#### [WHAT YOU NEED TO DO]
Go through the listing below, and from the line containing "Classic tan two cap toe stitch monk shoes" through its last line, transcribe every line exactly, skipping pictures.

#### [EXERCISE DATA]
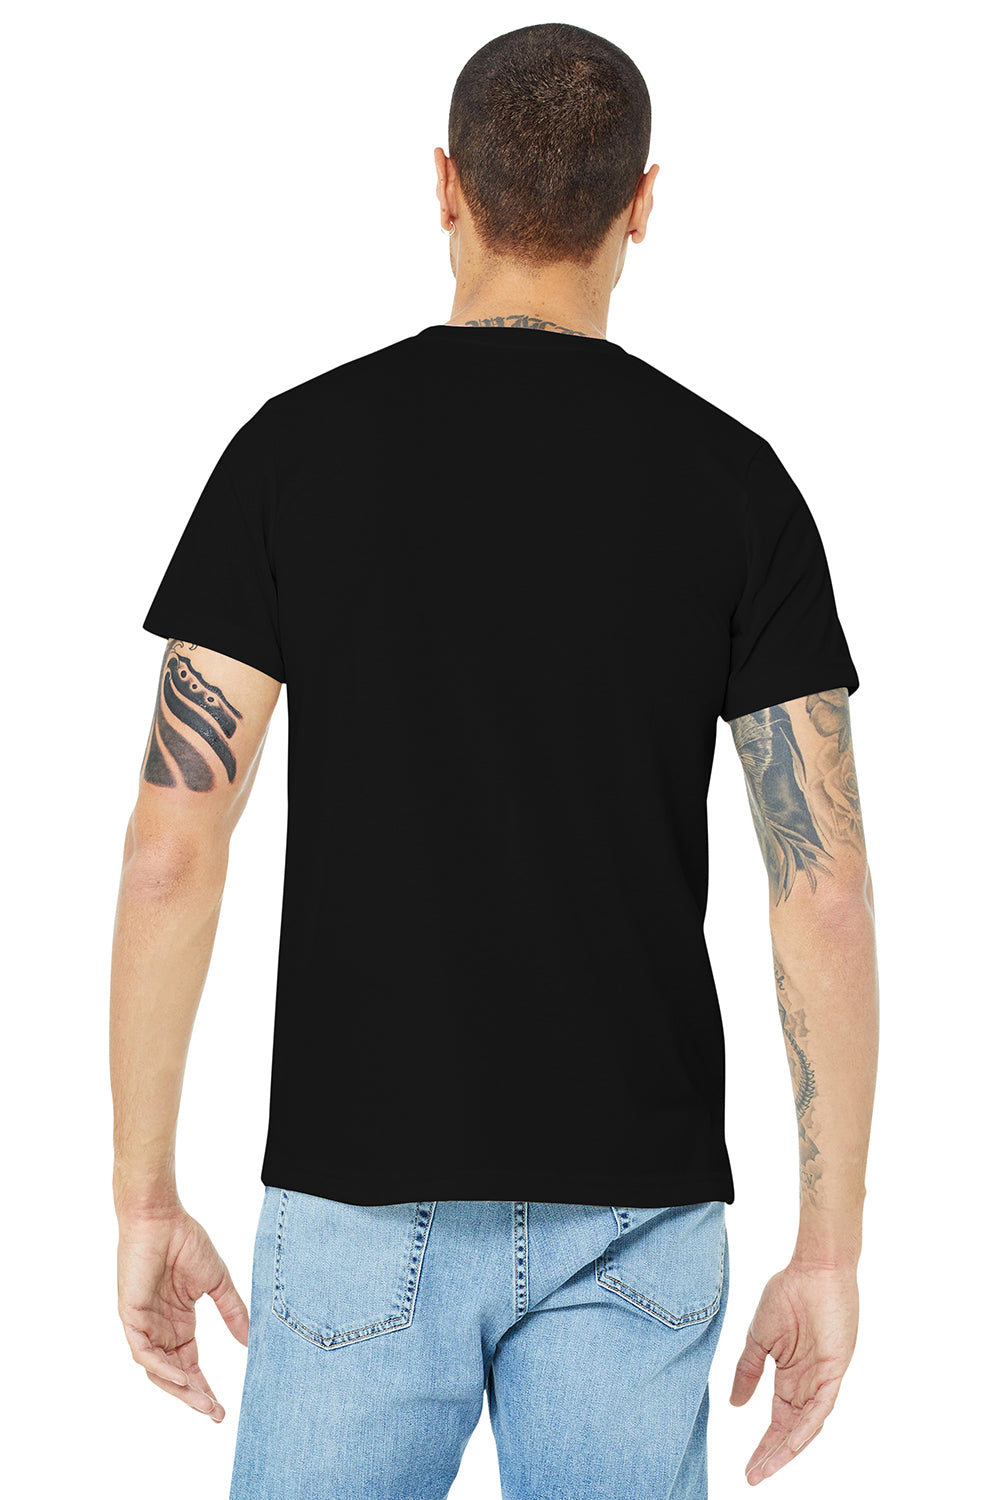 Bella + Canvas 3001U/3001USA Mens USA Made Jersey Short Sleeve Crewneck T-Shirt Black Model Back
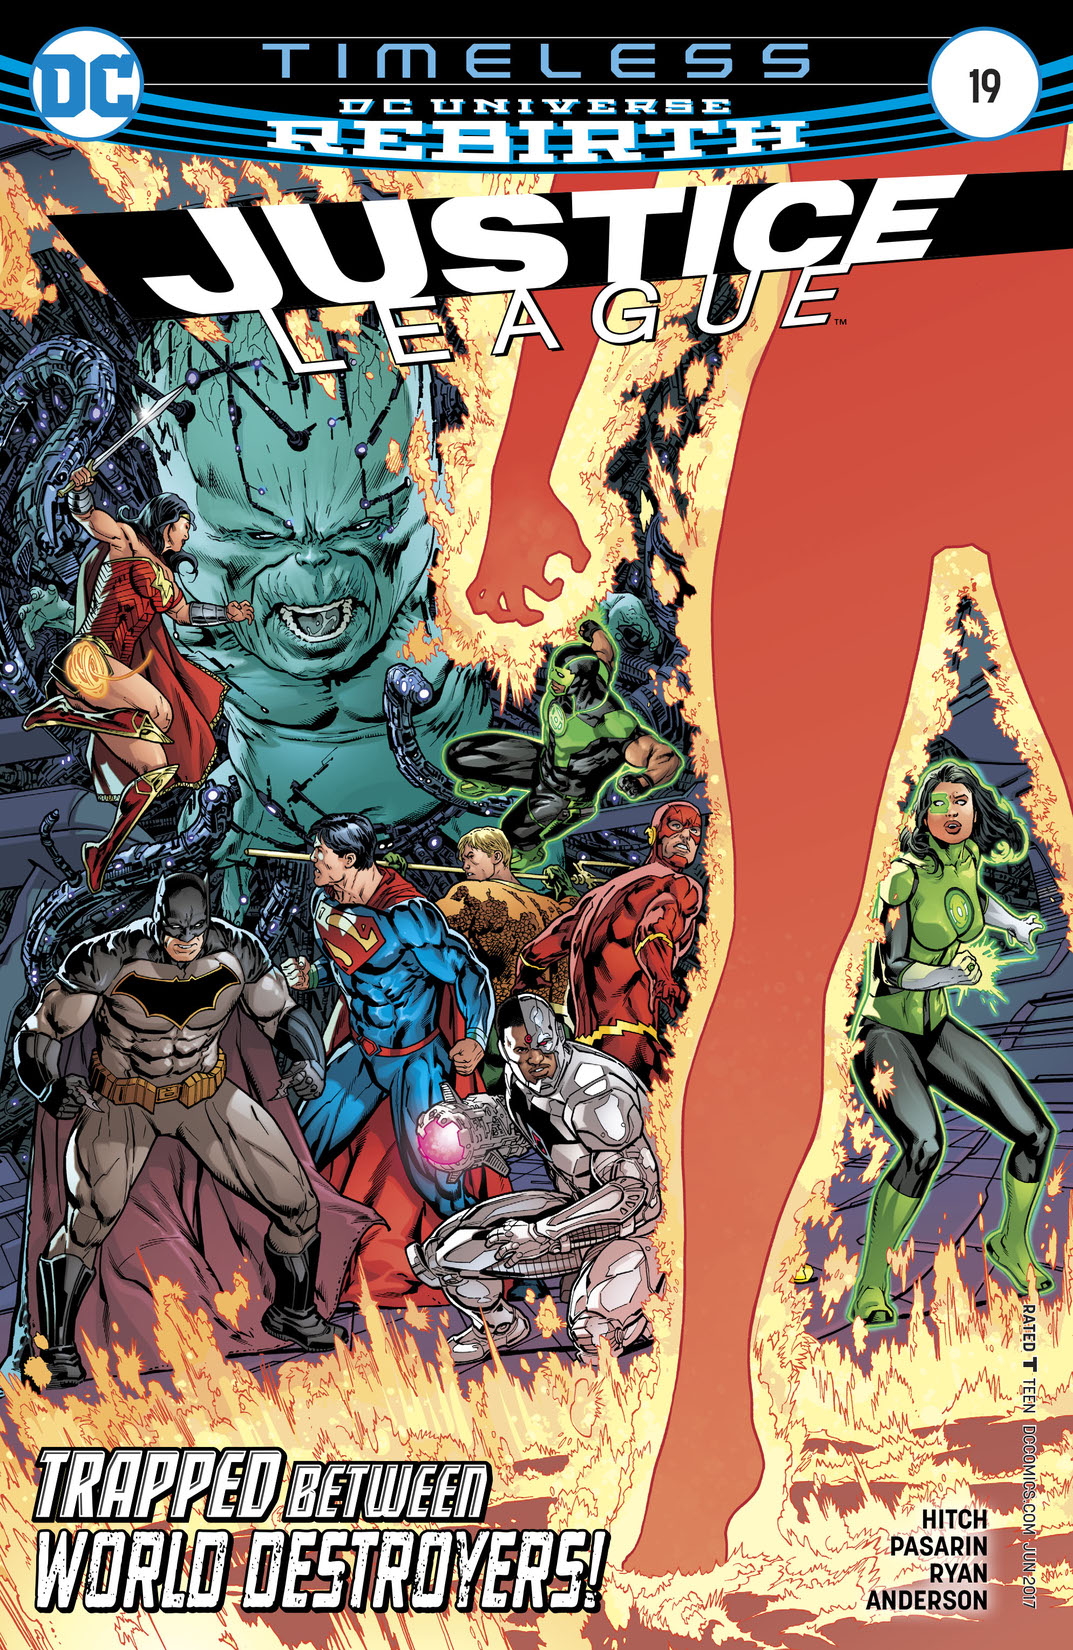 Justice League (2016-) #19 preview images
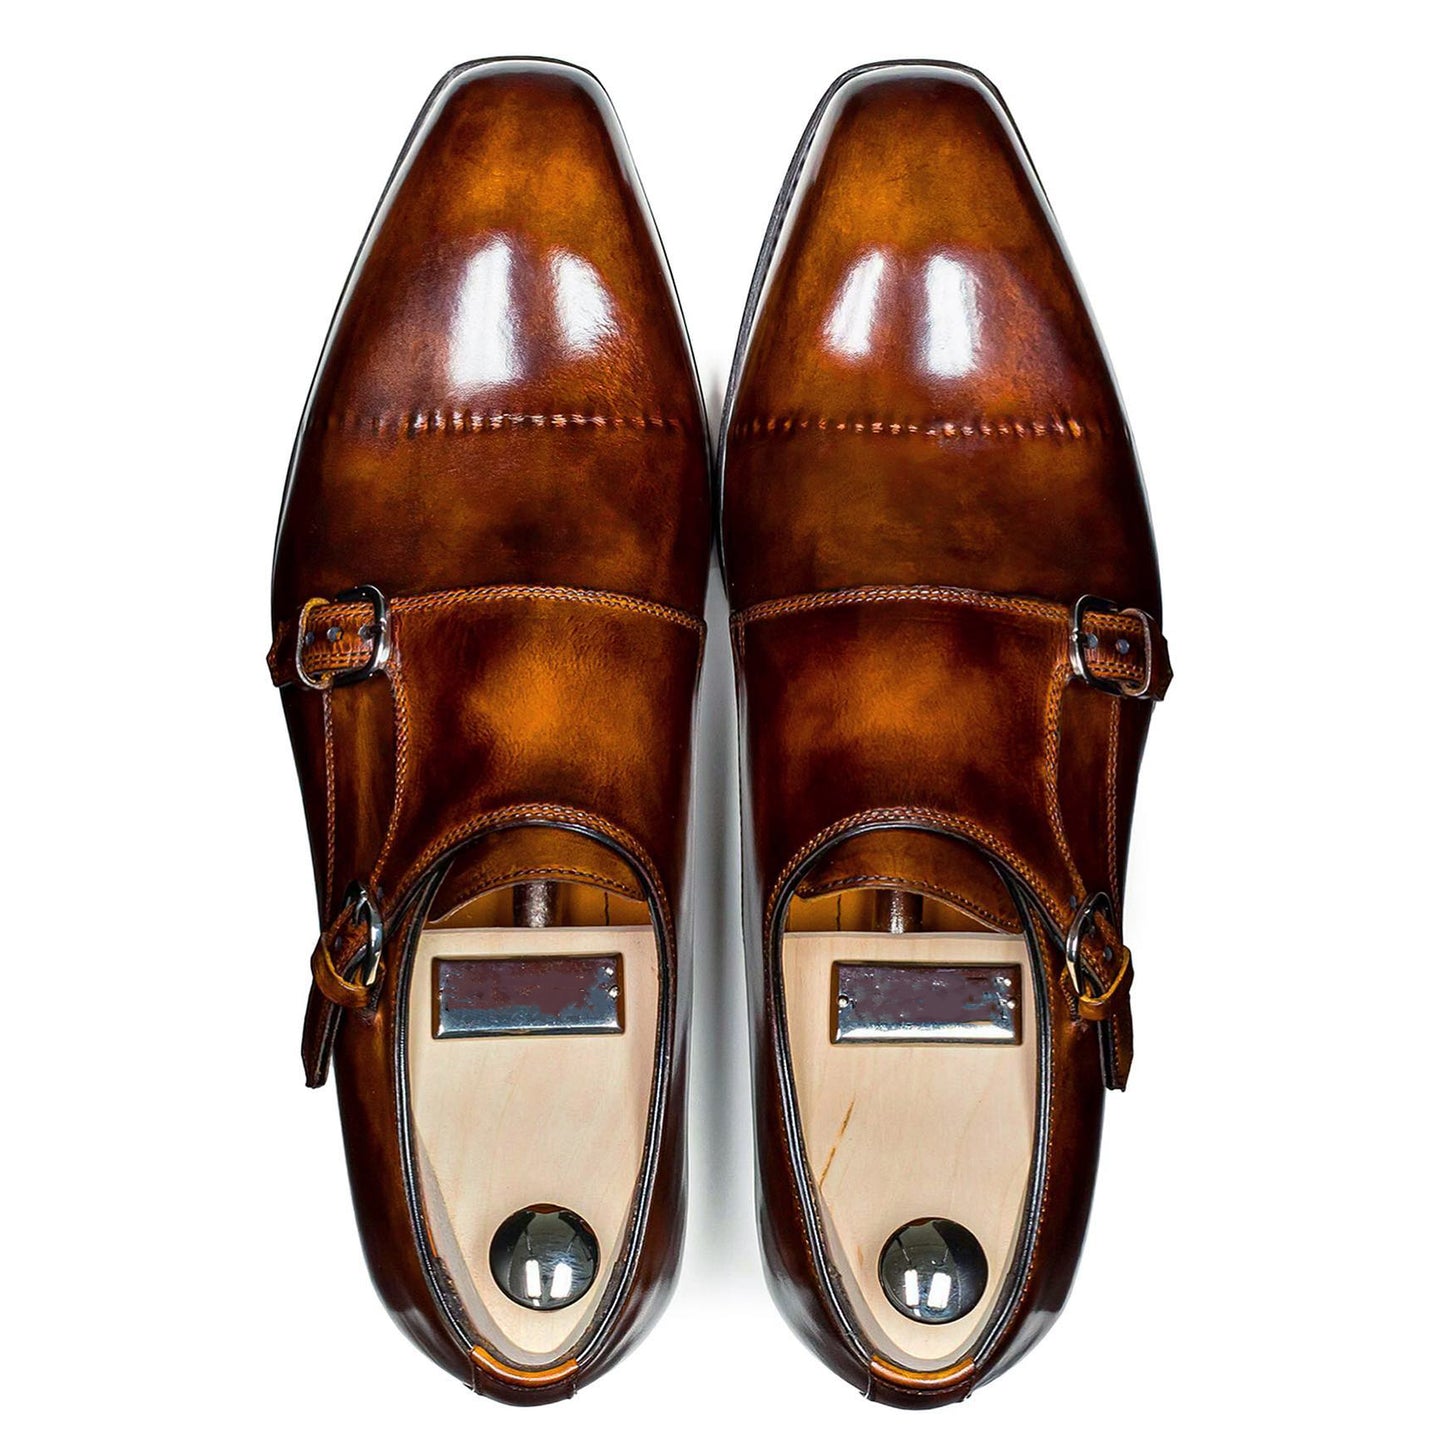 Classic tan two cap toe stitch monk shoes
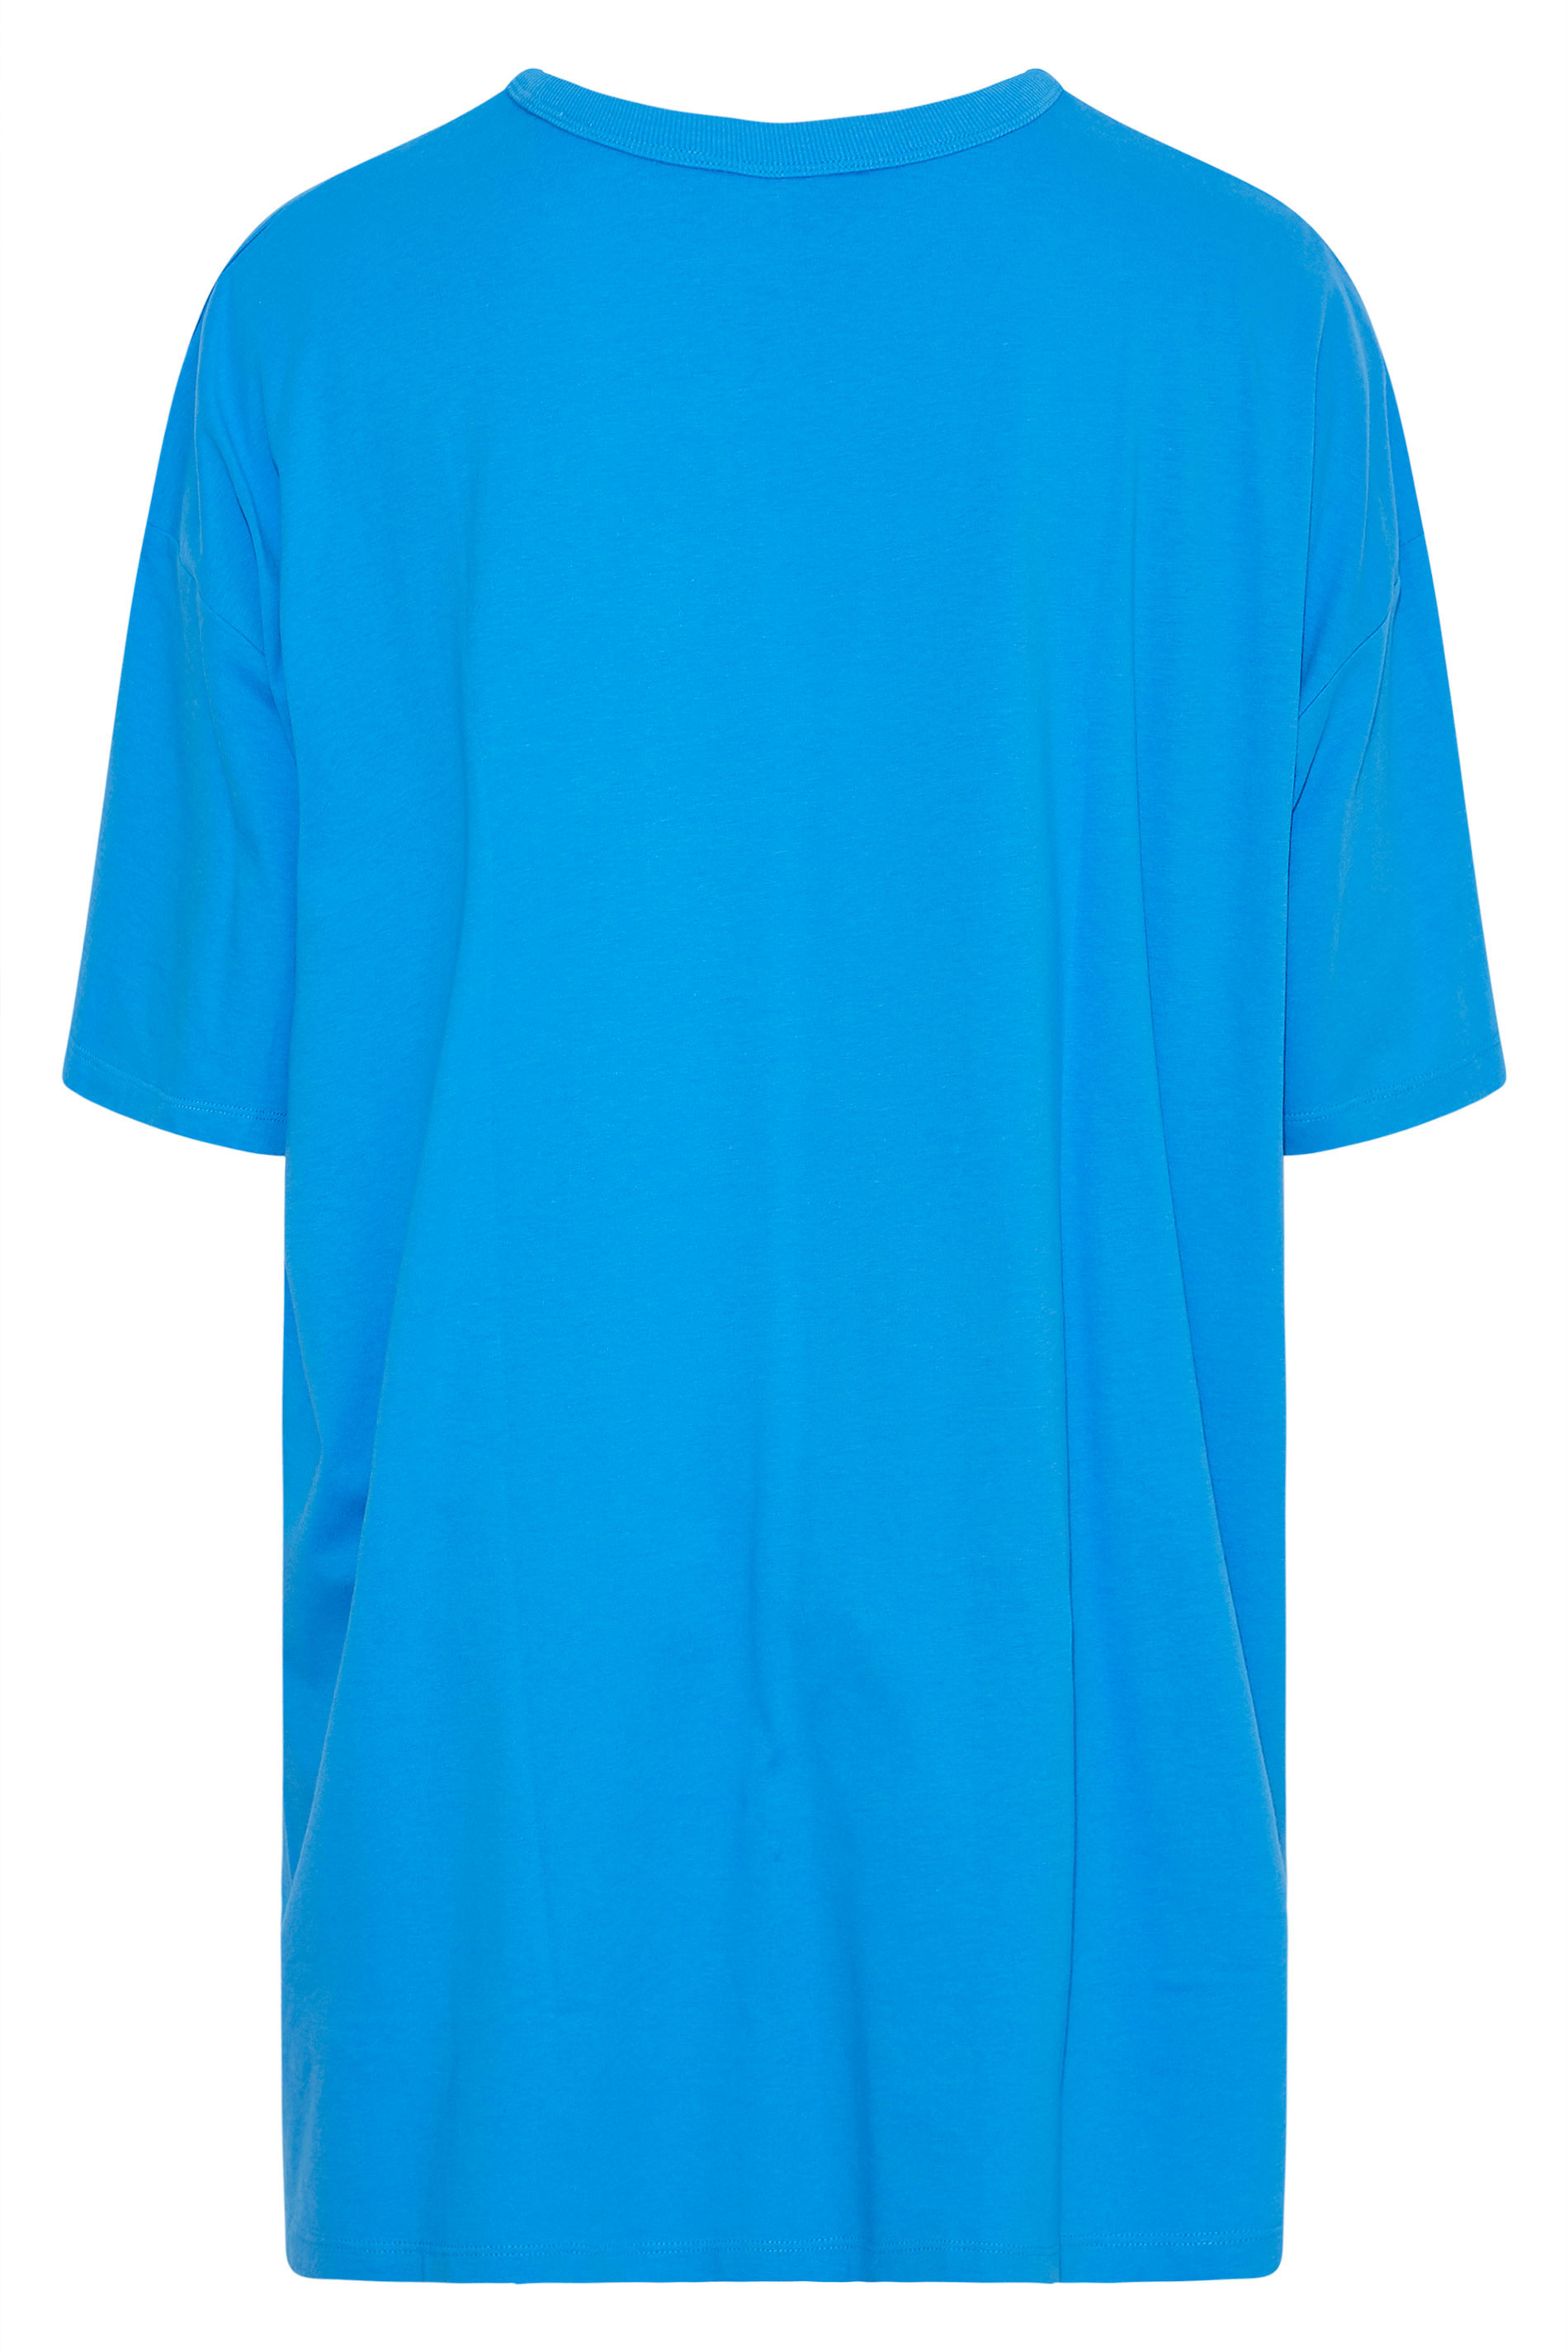 Grande taille  Tops Grande taille  T-Shirts | T-Shirt Bleu en Jersey Design Oversize - YZ56049

#### [OUTPUT OF THE EXERCISE]
 Classic tan two cap toe stitch monk shoes
 Grande taille  Tops Grande taille  T-Shirts | T-Shirt Bleu en Jersey Design Oversize - YZ56049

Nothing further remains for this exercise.